"Not so--"
"Not so morbid as when I was here last summer," he helped her out. "Not
by any means. Are you going to marry him, Mary?" The question had only a
civil emphasis, but a warmer tone informed it. Mary grew pink under the
morning light, and Jerome went on: "Yes, I have a perfect right to talk
about it, I don't travel three thousand miles every summer to ask you to
marry me without earning some claim to frankness. I mentioned that to
Marshby himself. We met at the station, you remember, the day I came. We
walked down together. He spoke about my sketching, and I told him I had
come on my annual pilgrimage, to ask Mary Brinsley to marry me."
"Jerome!"
"Yes, I did.
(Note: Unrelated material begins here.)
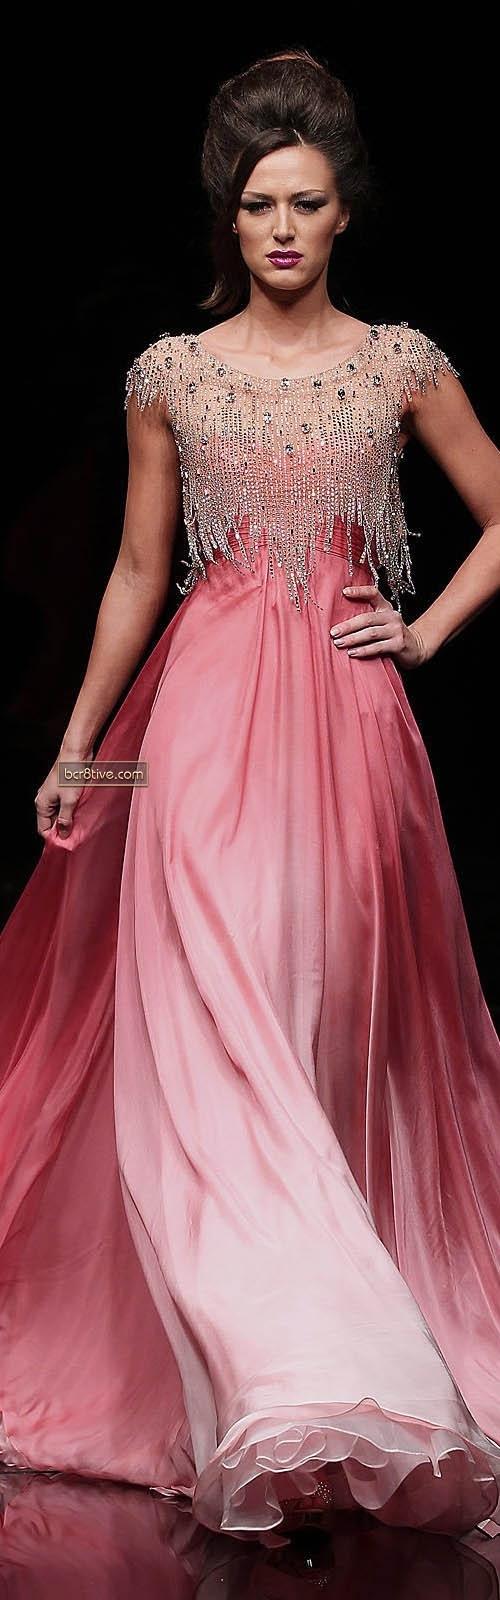 Hanna Touma by Janny Dangerous | haute couture | Pinterest ...

This is my tenth pilgrimage. Mary, will you marry me?"
"No," said Mary, softly, but as if she liked him very much. "No,
Jerome."
Wilmer squeezed a tube on his palette and regarded the color frowningly.
"Might as well, Mary," said he. "You'd have an awfully good time in
Paris."
She was perfectly still, watching him, and he went on:
"Now you're thinking if Marshby gets the consulate you'll be across the
water anyway, and you could run down to Paris and see the sights. But it
wouldn't be the same thing. It's Marshby you like, but you'd have a
better time with me."
"It's a foregone conclusion that the consulship will be offered him,"
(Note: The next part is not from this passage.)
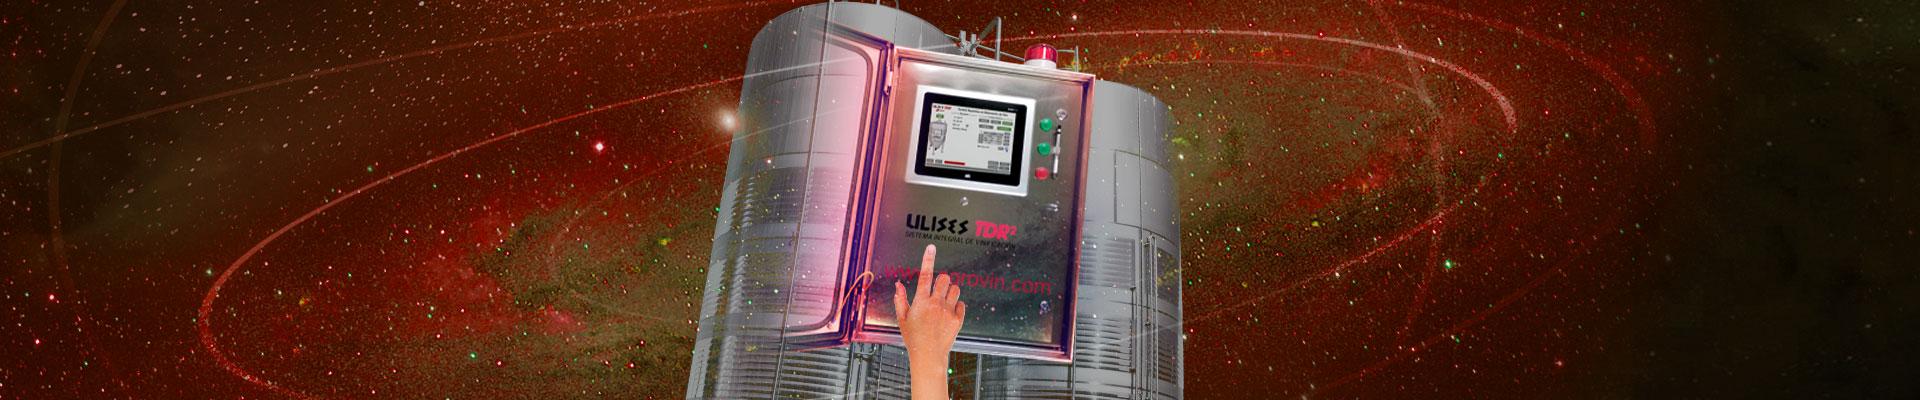 Convierte cualquier depósito tradicional en un vinificador automático

said Mary. Her eyes were now on the path leading through the garden and
over the wall to the neighboring house where Marshby lived.
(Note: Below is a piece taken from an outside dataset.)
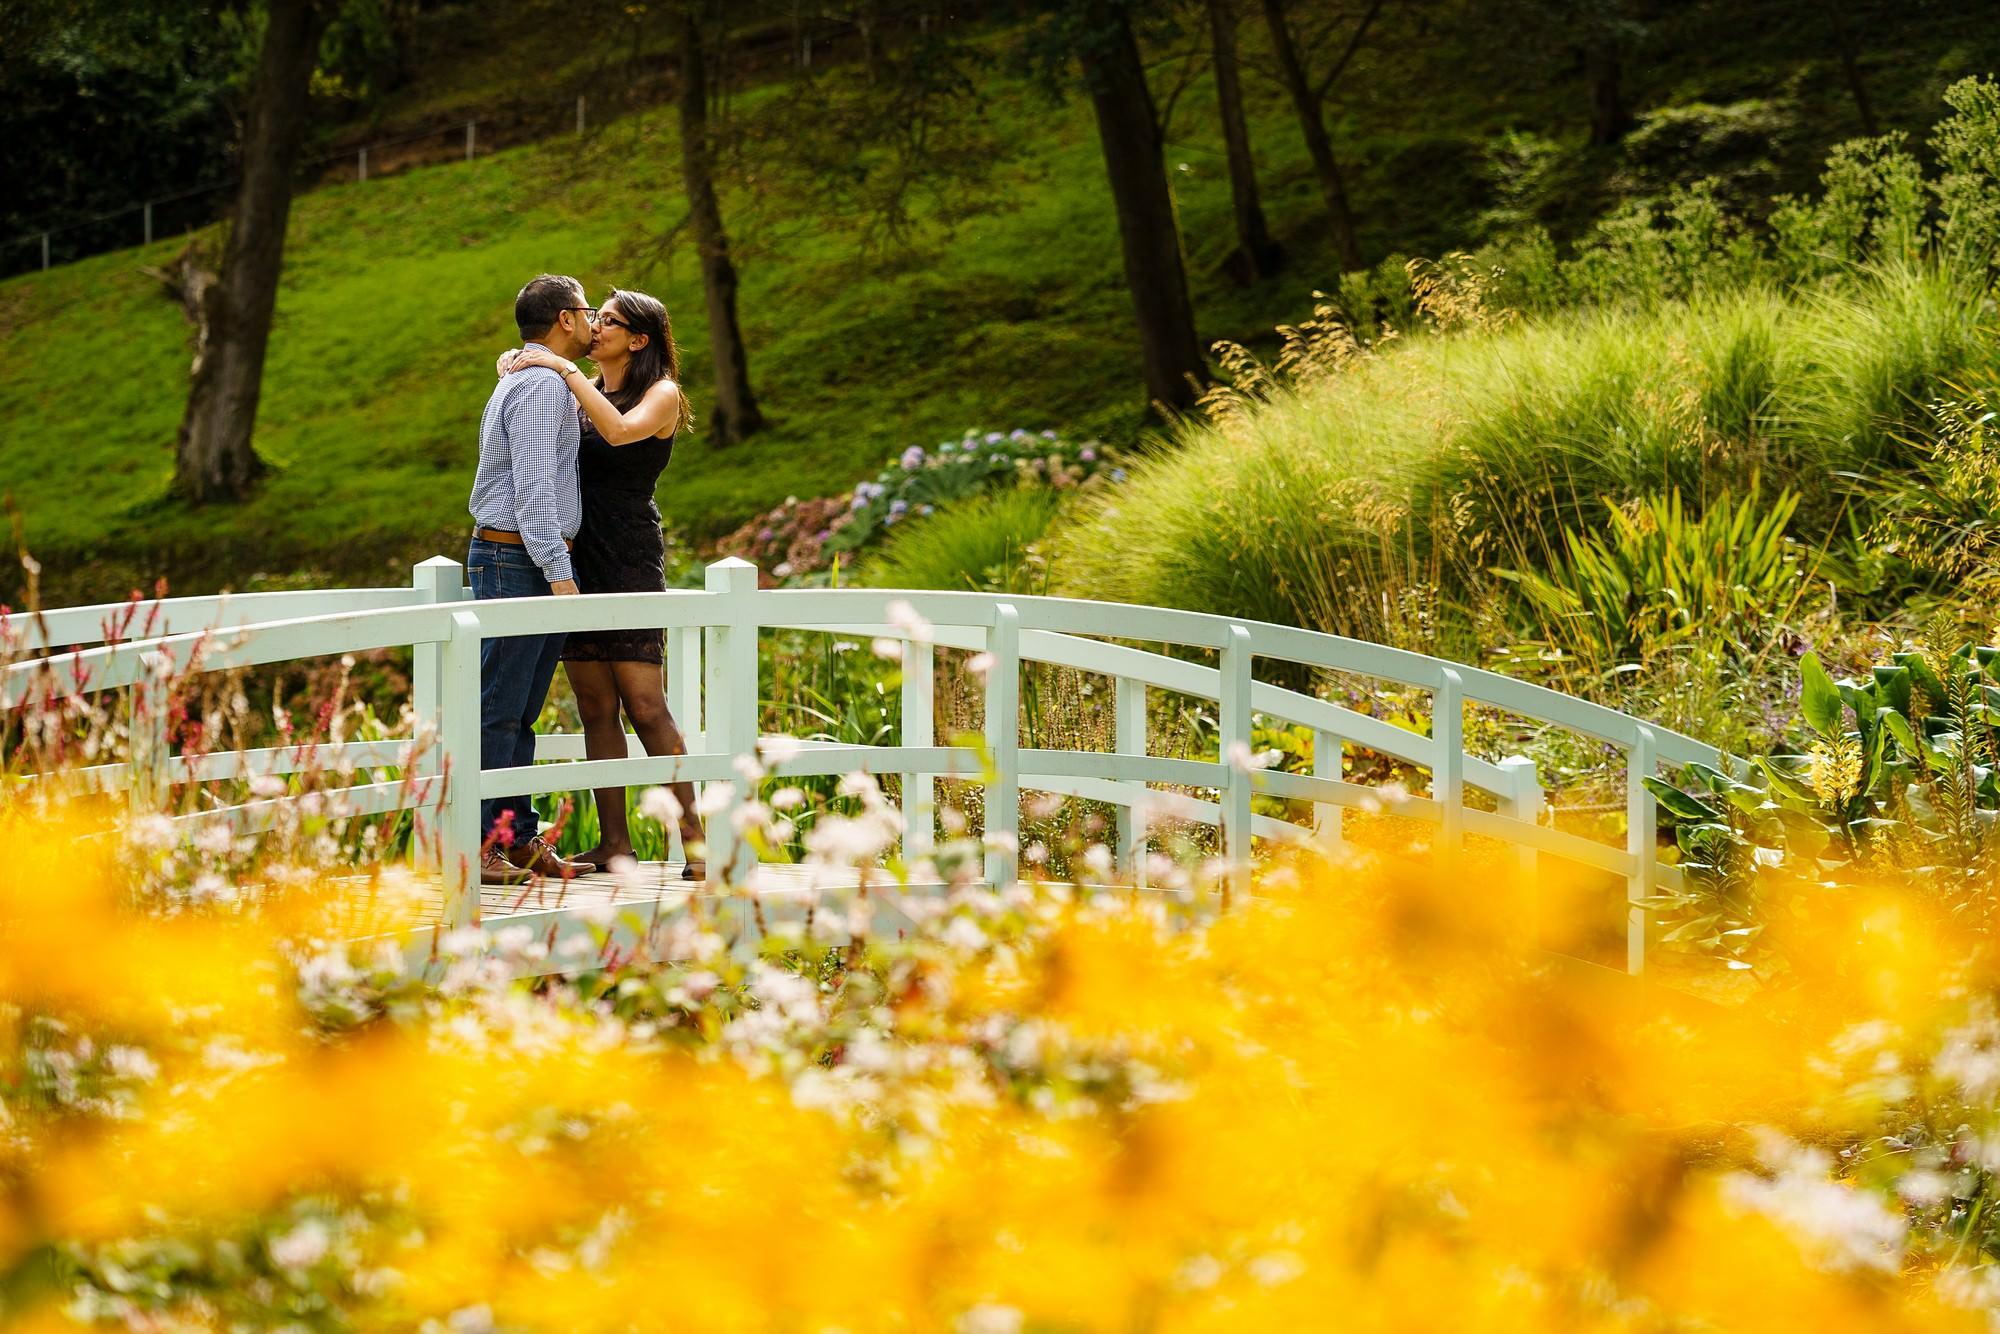 Trebah gardens wedding proposal 16

"Then you will marry and go with him. Ah, well, that's finished. I
needn't come another summer. When you are in Paris, I can show you the
boulevards and cafes."
"It is more than probable he won't accept the consulship."
"Why?" He held his palette arrested in mid-air and stared at her.
"He is doubtful of himself--doubtful whether he is equal to so
responsible a place."
"Bah! it's not an embassy."
"No; but he fancies he has not the address, the social gifts--in fact,
he shrinks from it." Her face had taken on a soft distress; her eyes
appealed to him. She seemed to be confessing, for the other man,
something that might well be misunderstood. Jerome, ignoring the flag of
her discomfort, went on painting, to give her room for confidence.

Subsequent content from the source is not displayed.